Results for any interim period are not necessarily indicative of results for any
other interim period or for the entire year.

2.       NET LOSS PER SHARE

Net loss per share is computed using the weighted average number of shares of
common stock outstanding during the periods presented.  Common equivalent shares
are excluded from the computation as their effect is antidilutive, except that,
pursuant to the Securities and Exchange Commission Staff Accounting Bulletin No.
83, common and common equivalent shares (stock options, warrants and preferred
stock) issued during the 12 month period prior to the Company's initial public
offering (IPO) and have been included in the calculation as if they were
outstanding for all periods through June 7, 1996 (using the treasury stock
method for stock options and warrants and the if-converted method for preferred
stock).

3.       PRO FORMA NET LOSS PER SHARE

The pro forma calculation of net loss per share has been computed as described
above but also gives retroactive effect from the date of issuance to the
conversion of the convertible preferred stock which automatically converted to
common shares upon closing of the Company's initial public offering.

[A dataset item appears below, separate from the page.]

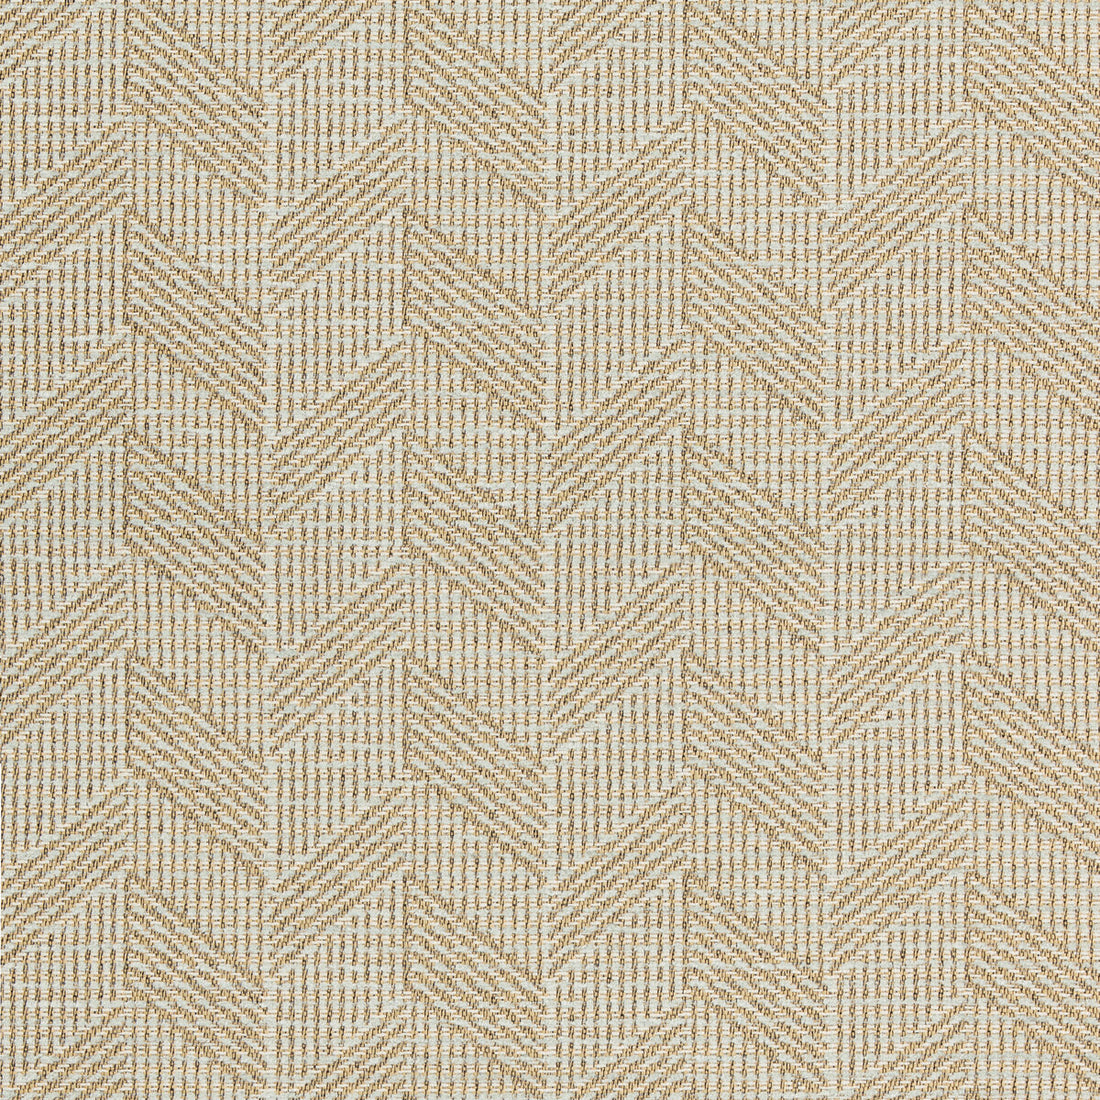 Cayuga fabric in sandalwood color - pattern 35862.1611.0 - by Kravet Contract in the Gis Crypton collection

4.       INITIAL PUBLIC OFFERING

On June 7, 1996, the Company's registration statement for its initial public
offering of 2,100,000 shares of common stock at $13.00 per share, was declared
effective by the Securities and Exchange Commission.  The Company received
proceeds of approximately $24,500,000 after deducting underwriting discounts,
commissions and offering costs.


<PAGE>

Upon completion of the IPO all outstanding shares of convertible preferred stock
were automatically converted into 3,172,739 shares of common stock.

5.       CASH AND CASH EQUIVALENTS AND AVAILABLE-FOR-SALE
         SECURITIES

The Company considers all highly liquid investments purchased with an original
maturity of three months or less to be cash equivalents.  Cash and cash
equivalents include money market funds and various deposit accounts.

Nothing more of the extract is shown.